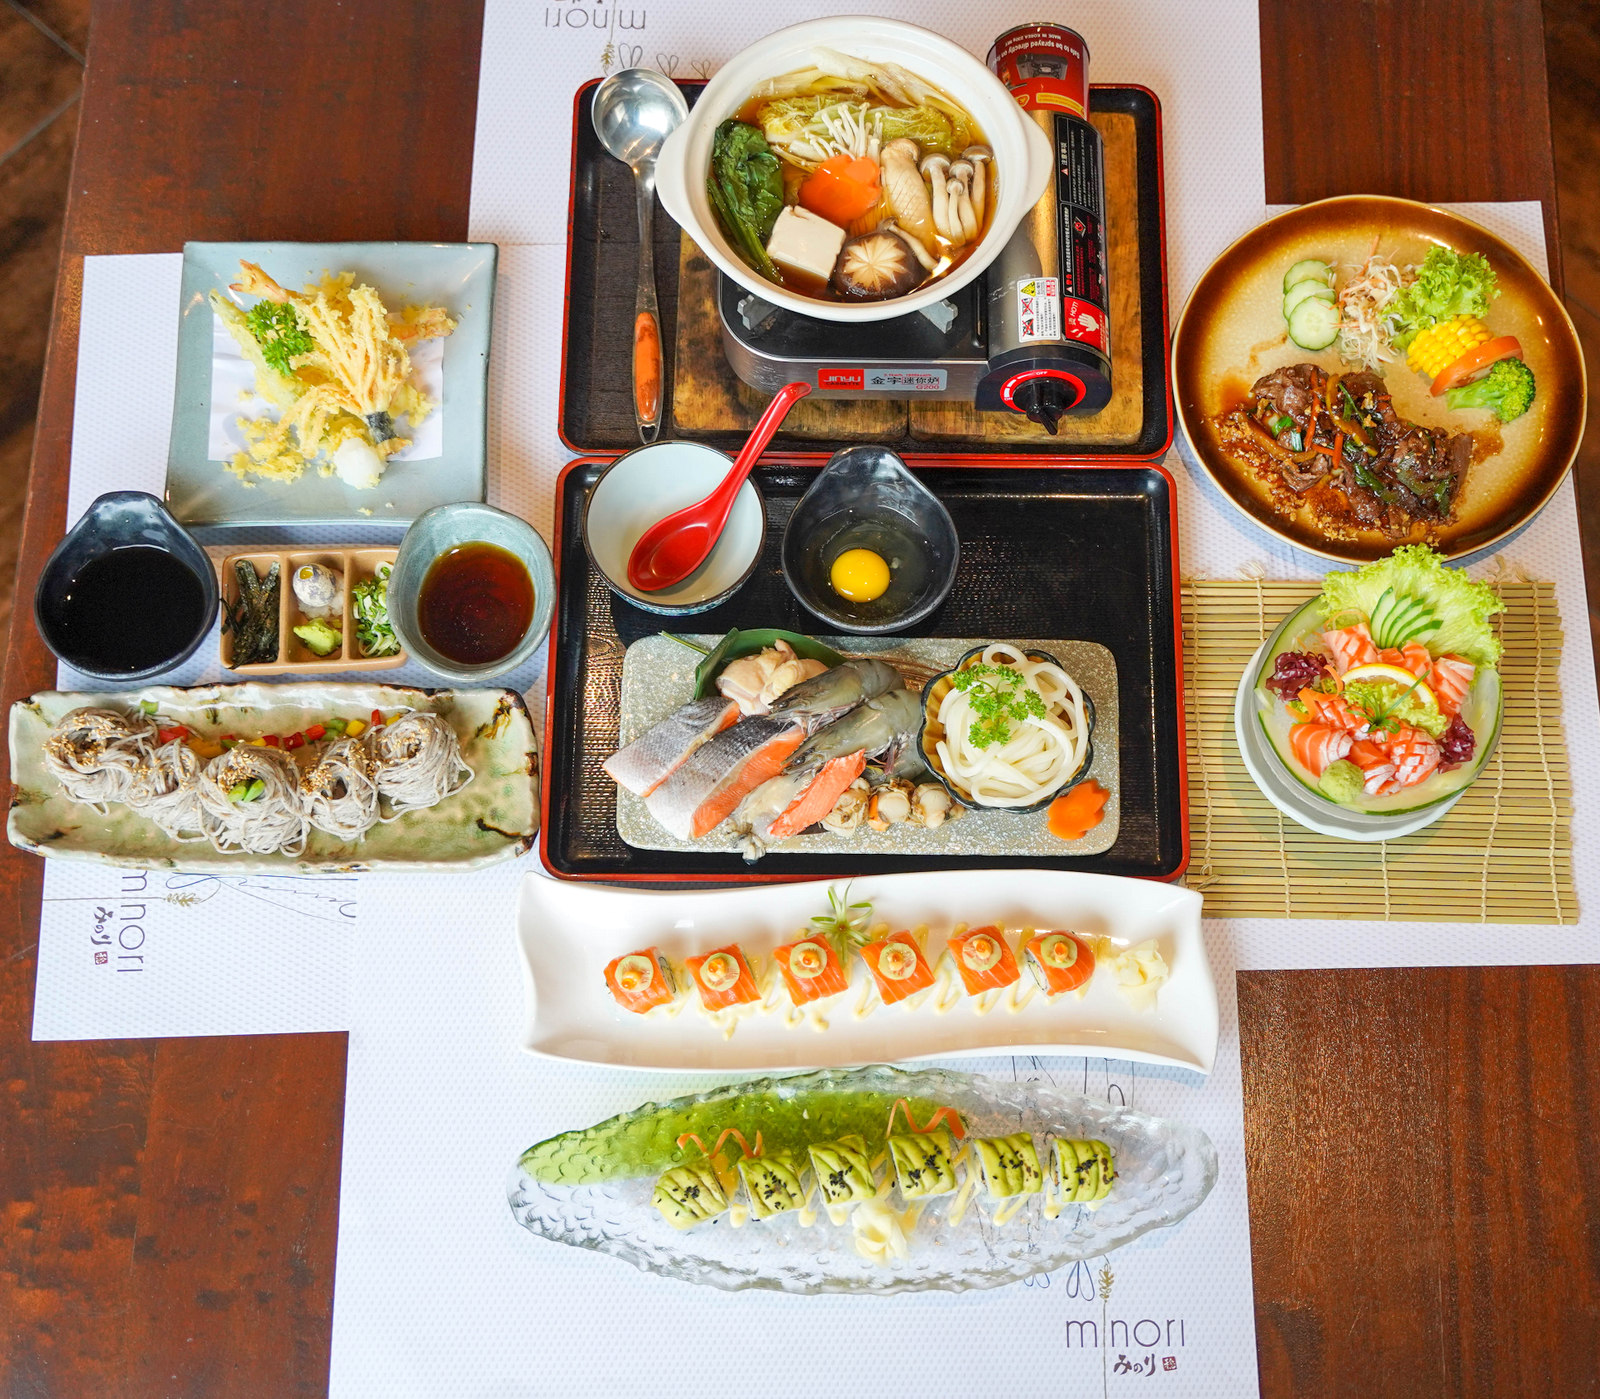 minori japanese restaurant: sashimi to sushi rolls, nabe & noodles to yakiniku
——————
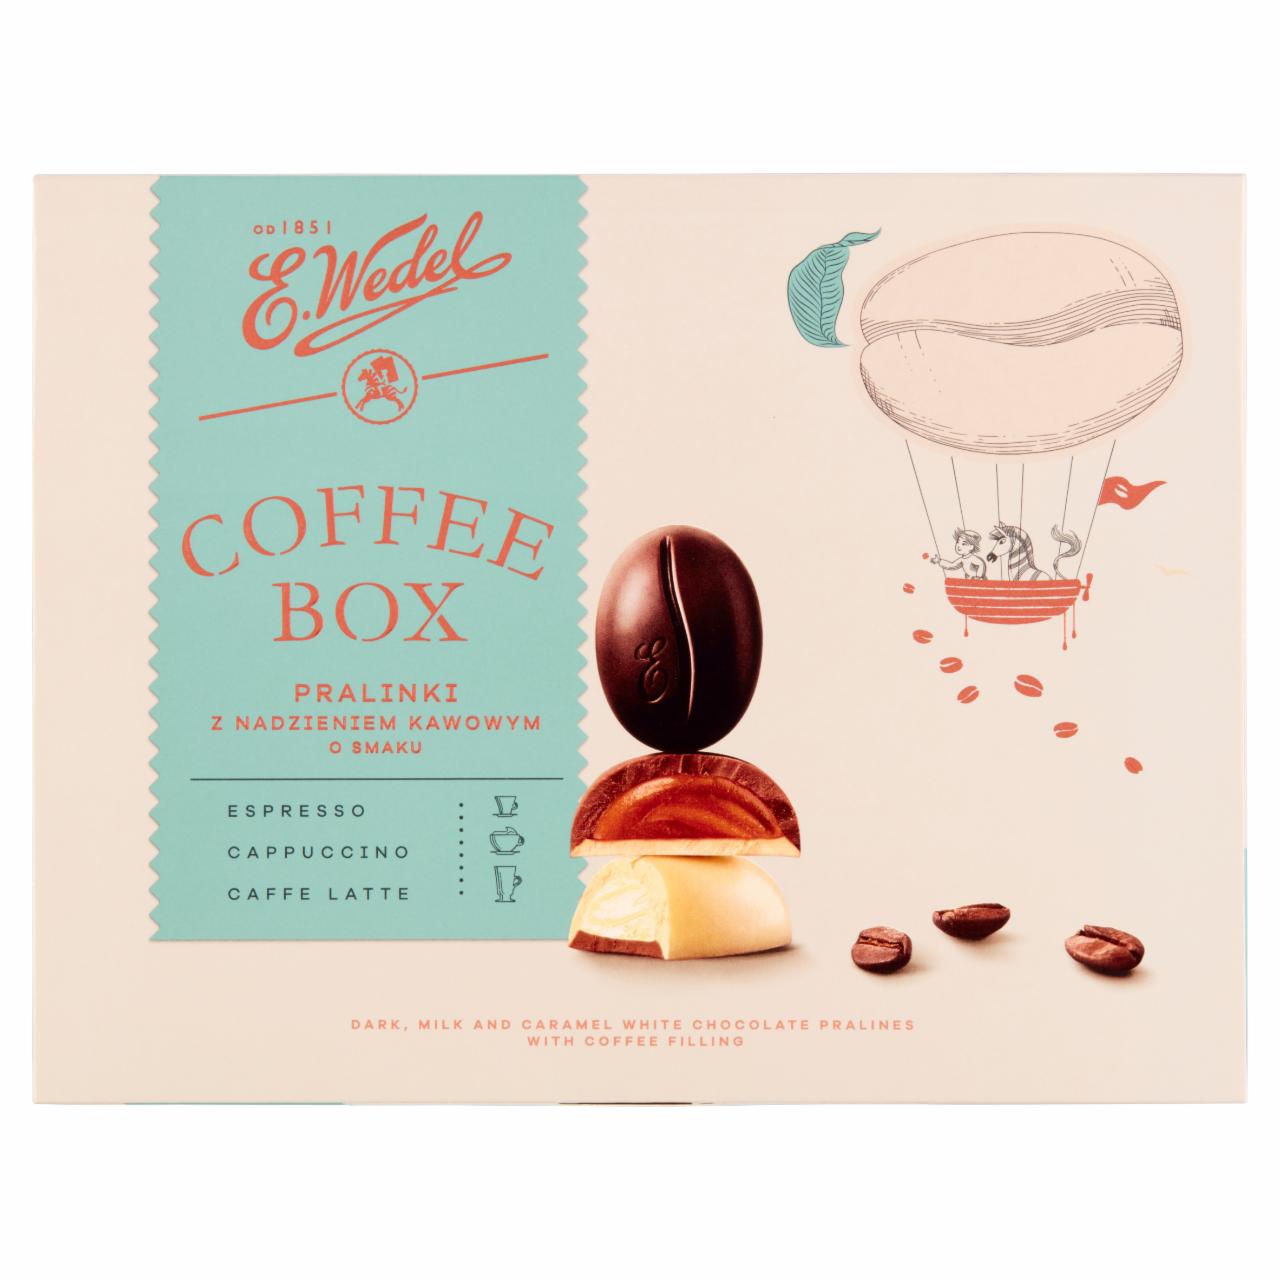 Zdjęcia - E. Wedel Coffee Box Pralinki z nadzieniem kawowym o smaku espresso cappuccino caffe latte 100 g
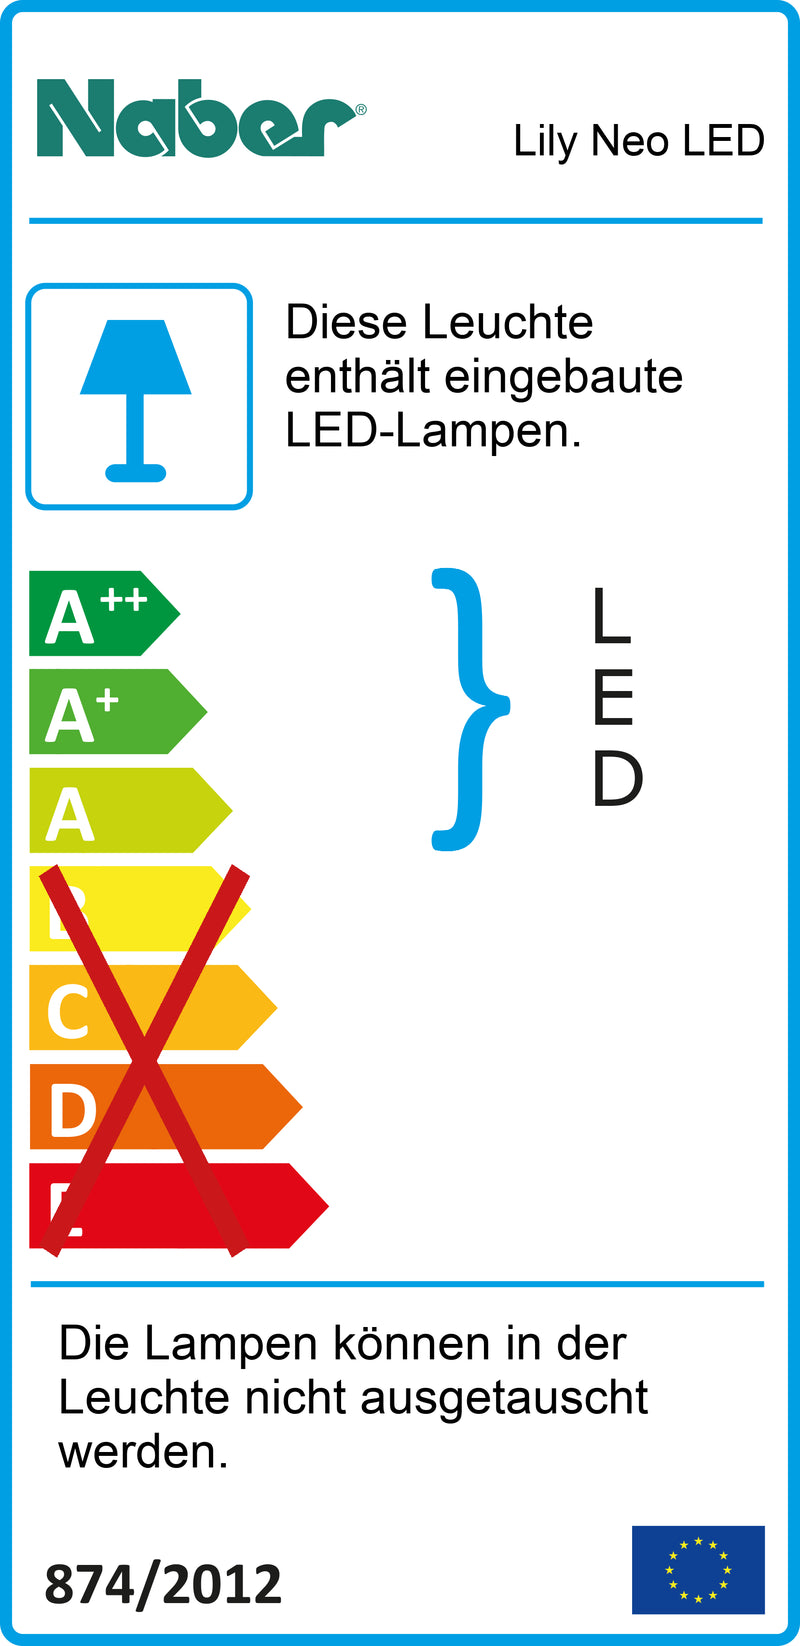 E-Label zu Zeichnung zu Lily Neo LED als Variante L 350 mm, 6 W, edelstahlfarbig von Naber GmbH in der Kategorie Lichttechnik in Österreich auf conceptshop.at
——————
In the entries above, find the line containing "Zdjęcia - E." and the line containing "E-Label zu Zeichnung", then copy both and every line between them exactly, without any picture.

 Zdjęcia - E. Wedel Coffee Box Pralinki z nadzieniem kawowym o smaku espresso cappuccino caffe latte 100 g
 E-Label zu Zeichnung zu Lily Neo LED als Variante L 350 mm, 6 W, edelstahlfarbig von Naber GmbH in der Kategorie Lichttechnik in Österreich auf conceptshop.at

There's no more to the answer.